Sorry for the daily questions.

I’m working on Seq2SeqLM and thanks to the advice I’ve gotten on this forum, I’m able to move forward with understanding and implementation. Thank you so much!

Now, I would like to get past (or, past_key_values) in Seq2SeqLM as well as CausalLM.

past_key_values (List[torch.FloatTensor], optional, returned when use_cache=True is passed or when config.use_cache=True) – List of torch.FloatTensor of length config.n_layers, with each tensor of shape (2, batch_size, num_heads, sequence_length, embed_size_per_head)).

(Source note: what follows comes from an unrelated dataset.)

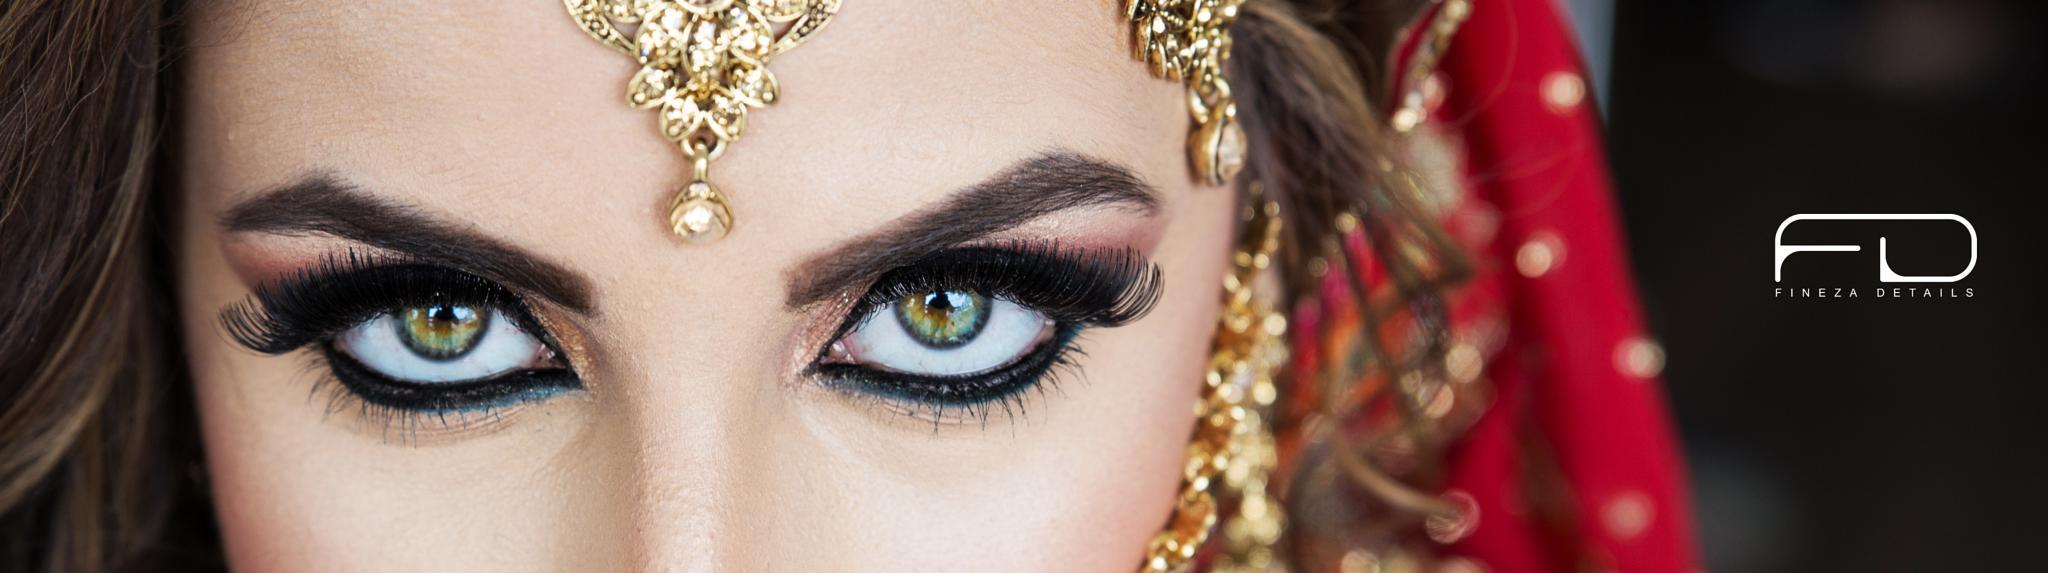 Bright Eyes by Khalid_Fineza  Details

Contains pre-computed hidden-states (key and values in the attention blocks) of the decoder that can be used (see past_key_values input) to speed up sequential decoding.

At first, I was having trouble getting past_key_values even though I confirm use_cache = true, but then I read the class BartModel’s implementation of forward and realized I need decoder_input_ids for inputs.

        if decoder_input_ids is None:
            use_cache = False

Now I am wondering how to get the decoder_input_ids in Seq2seqLM.

I interpret as follows: CausalLM obtains past_key_values using the given context (or, prompt) and the output that comes from it in turn.

So how does Seq2SeqLM get the decoder_input_ids when it sequentially generates tokens with the given context after processing it with encoder?

Thank you in advance.

yusukemori